Tomas Kupka

On the HTTP segment streaming potentials and performance improvements

Supervisor(s) and Committee member(s): Pål Halvorsen (advisor), Carsten Griwodz (advisor), Niklas Carlsson (opponent), Jörg Ott (opponent), Stein Gjessing (opponent)


Video streaming has gone a long way from its early years in the 90’s. Today, the prevailing technique to stream live and video on demand (VoD) content is adaptive HTTP segment streaming as used by the solutions from for example Apple, Microsoft, and Adobe. The reasons are its simple deployment and management. The HTTP infrastructure, including HTTP proxies, caches and in general Content Delivery Networks (CDNs), is already deployed. Furthermore, HTTP is the de facto standard protocol of the Internet and is therefore allowed to pass through most firewalls and Network Address Translation (NAT) devices. The goal of this thesis is to investigate the possible uses of adaptive HTTP segment streaming beyond the classical linear streaming and to look at ways to make HTTP servers dealing with HTTP segment streaming traffic more efficient.

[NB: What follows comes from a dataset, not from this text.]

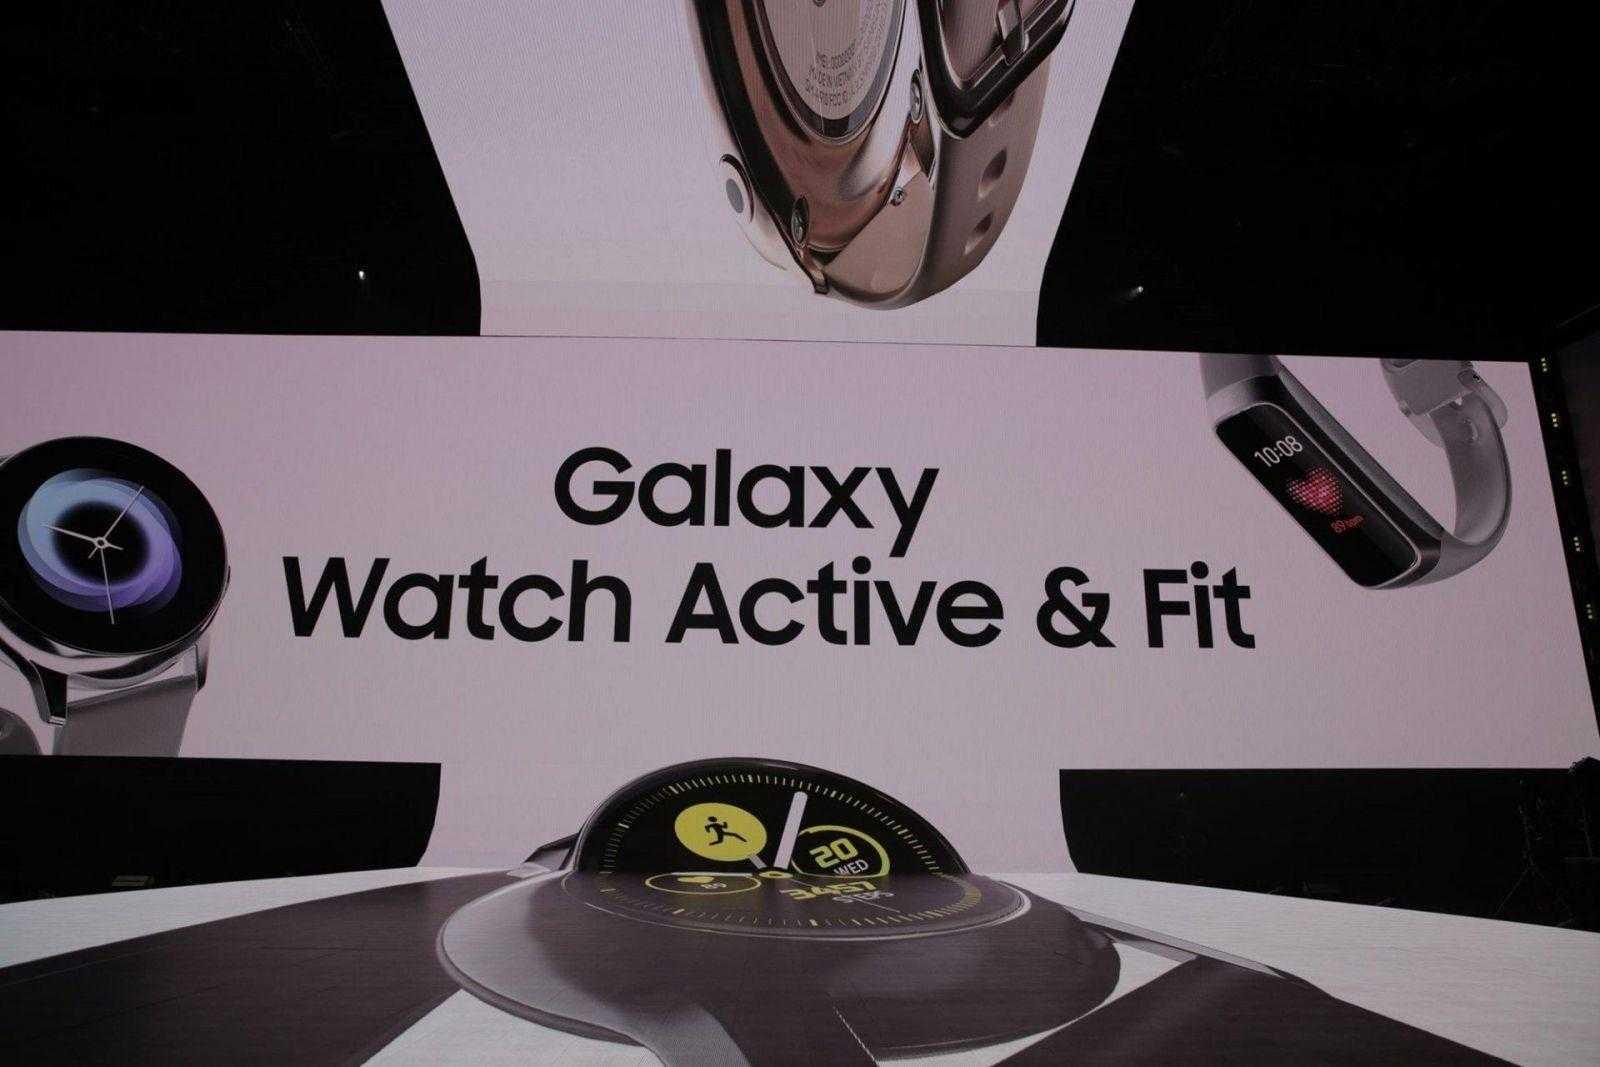 Samsung Galaxy Watch Active выпущены официально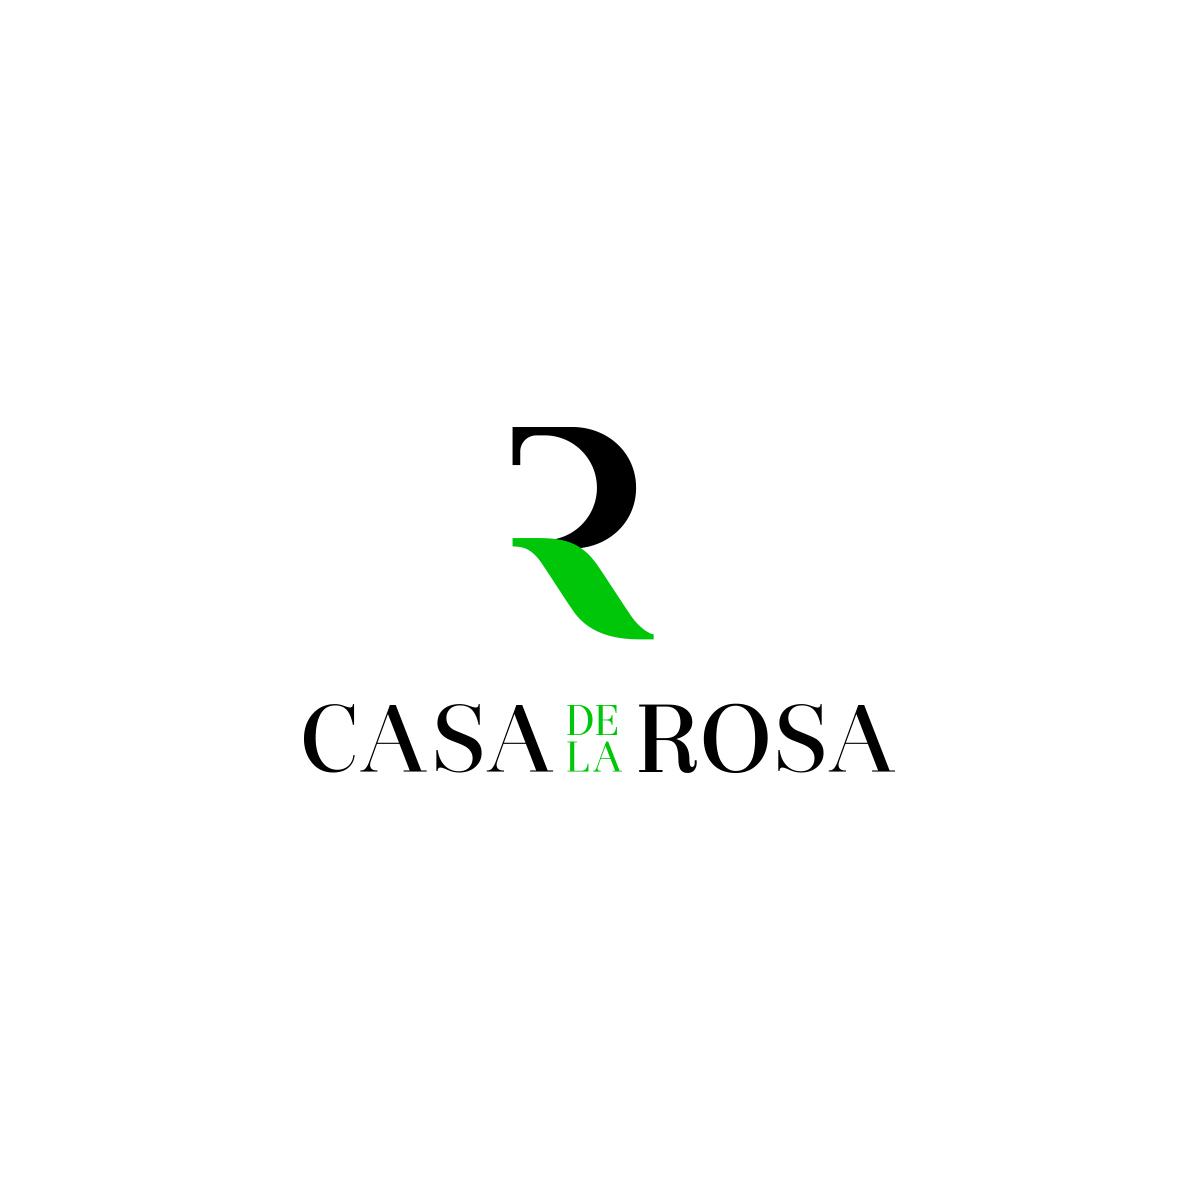 Логотип + Фирменный знак для элитного поселка Casa De La Rosa фото f_0475cd2c2dad790c.jpg

In addition to the deployment and management benefits, the segmentation of video opens new application possibilities. In this thesis, we investigate those first. For example, we demonstrate on the fly creation of custom video playlists containing only content relevant to a user query. Using user surveys, we show, that it not only saves time to automatically get playlists created from relevant video excerpts, but the user experience increases significantly as well.

However, already the basic capabilities of HTTP segment streaming, i.e., streaming of live and on demand video, are very popular and are creating a huge amount of network traffic. Our analysis of logs provided by a Norwegian streaming provider Comoyo indicates that a substantial amount of the traffic data must be served from places other than the origin server. Since a substantial part of the traffic comes from places other than the origin server, it is important that effective and efficient use of resources not only takes place on the origin server, but also on other, possibly HTTP segment streaming unaware servers.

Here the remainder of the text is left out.